INCLUDE BOTH SIDES OF THE COVER PAGE, RESPONSES TO ITEMS 1-7
(INCLUDING EXHIBITS) OF THE SCHEDULE, AND THE SIGNATURE ATTESTATION.
SCHEDULE 13D
CUSIP NO. 172862104 Page 5 of 14 Pages
1. NAME OF REPORTING PERSON
S.S. OR I.R.S. IDENTIFICATION NO. OF ABOVE PERSON:
Roderick H. Dillon, Jr.

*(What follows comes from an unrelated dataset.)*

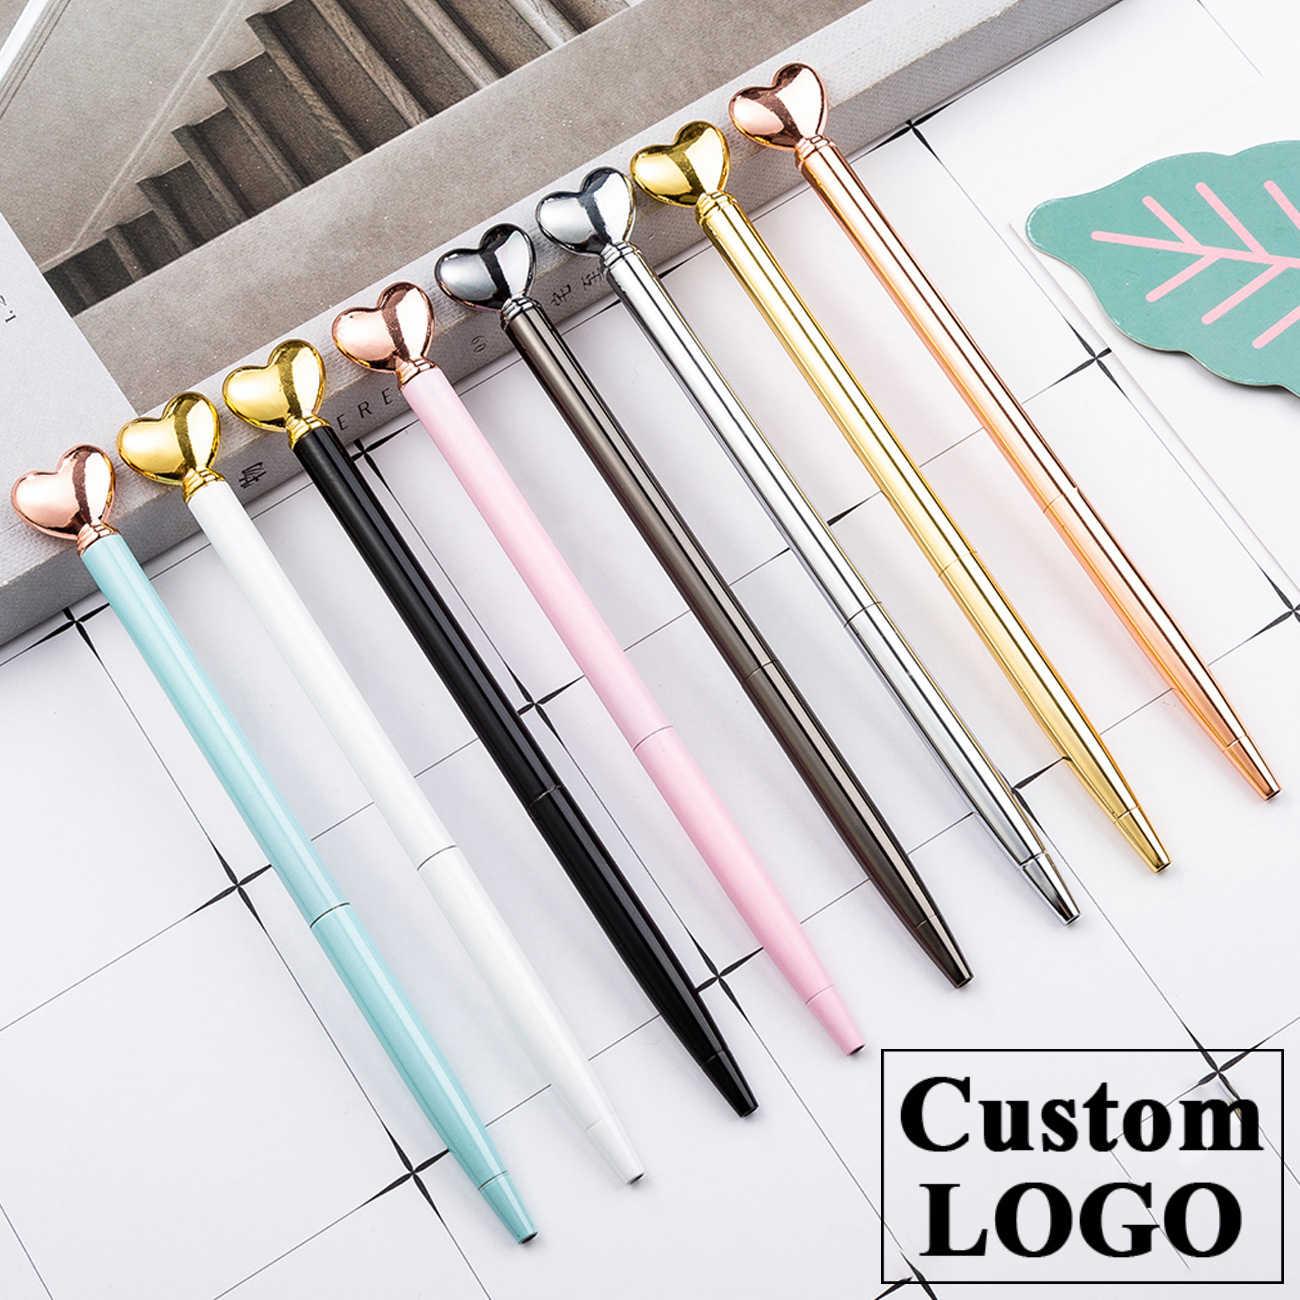 Metalen Pen Liefde Vorm Balpen Gift Reclame Pen Huwelijkscadeau Balpen Nieuwigheid Pennen Kantoor & school Supply Custom LOGO

Foundation
2. CHECK THE APPROPRIATE BOX IF A MEMBER OF A GROUP*
(a) _X_
(b) ___
3. SEC USE ONLY:
4. SOURCE OF FUNDS*:
WC
5. CHECK BOX IF DISCLOSURE OF LEGAL PROCEEDINGS IS REQUIRED
PURSUANT TO ITEMS 2(d) or 2(e):
____
6. CITIZENSHIP OR PLACE OF ORGANIZATION:
Ohio
NUMBER OF SHARES BENEFICIALLY OWNED BY EACH REPORTING PERSON
WITH:
7. SOLE VOTING POWER: 2,000
8. SHARED VOTING POWER: None
9. SOLE DISPOSITIVE POWER: 2,000
10. SHARED DISPOSITIVE POWER: None
11. AGGREGATE AMOUNT BENEFICIALLY OWNED BY EACH REPORTING
PERSON:
2,000
12. CHECK BOX IF THE AGGREGATE AMOUNT IN ROW (11) EXCLUDES
CERTAIN SHARES*:
____
13. PERCENT OF CLASS REPRESENTED BY AMOUNT IN ROW (11):
.030%
14. TYPE OF REPORTING PERSON*:
OO
*SEE INSTRUCTIONS BEFORE FILLING OUT!
INCLUDE BOTH SIDES OF THE COVER PAGE, RESPONSES TO ITEMS 1-7
(INCLUDING EXHIBITS) OF THE SCHEDULE, AND THE SIGNATURE ATTESTATION.
SCHEDULE 13D
CUSIP NO. 172862104 Page 6 of 14 Pages
1. NAME OF REPORTING PERSON
S.S. OR I.R.S. IDENTIFICATION NO. OF ABOVE PERSON:
Bradley C. Shoup - IRA
2. CHECK THE APPROPRIATE BOX IF A MEMBER OF A GROUP*
(a) _X_
(b) ___
3. SEC USE ONLY:
4. SOURCE OF FUNDS*:
PF
5. CHECK BOX IF DISCLOSURE OF LEGAL PROCEEDINGS IS REQUIRED
PURSUANT TO ITEMS 2(d) or 2(e):
____
6. CITIZENSHIP OR PLACE OF ORGANIZATION:
U.S.A.
NUMBER OF SHARES BENEFICIALLY OWNED BY EACH REPORTING PERSON
WITH:
7. SOLE VOTING POWER: 2,000
8. SHARED VOTING POWER: None
9. SOLE DISPOSITIVE POWER: 2,000
10. SHARED DISPOSITIVE POWER: None
11. AGGREGATE AMOUNT BENEFICIALLY OWNED BY EACH REPORTING
PERSON:
2,000
12. CHECK BOX IF THE AGGREGATE AMOUNT IN ROW (11) EXCLUDES
CERTAIN SHARES*:
____
13. PERCENT OF CLASS REPRESENTED BY AMOUNT IN ROW (11):
.030%
14. TYPE OF REPORTING PERSON*:
IN
*SEE INSTRUCTIONS BEFORE FILLING OUT!
INCLUDE BOTH SIDES OF THE COVER PAGE, RESPONSES TO ITEMS 1-7
(INCLUDING EXHIBITS) OF THE SCHEDULE, AND THE SIGNATURE ATTESTATION.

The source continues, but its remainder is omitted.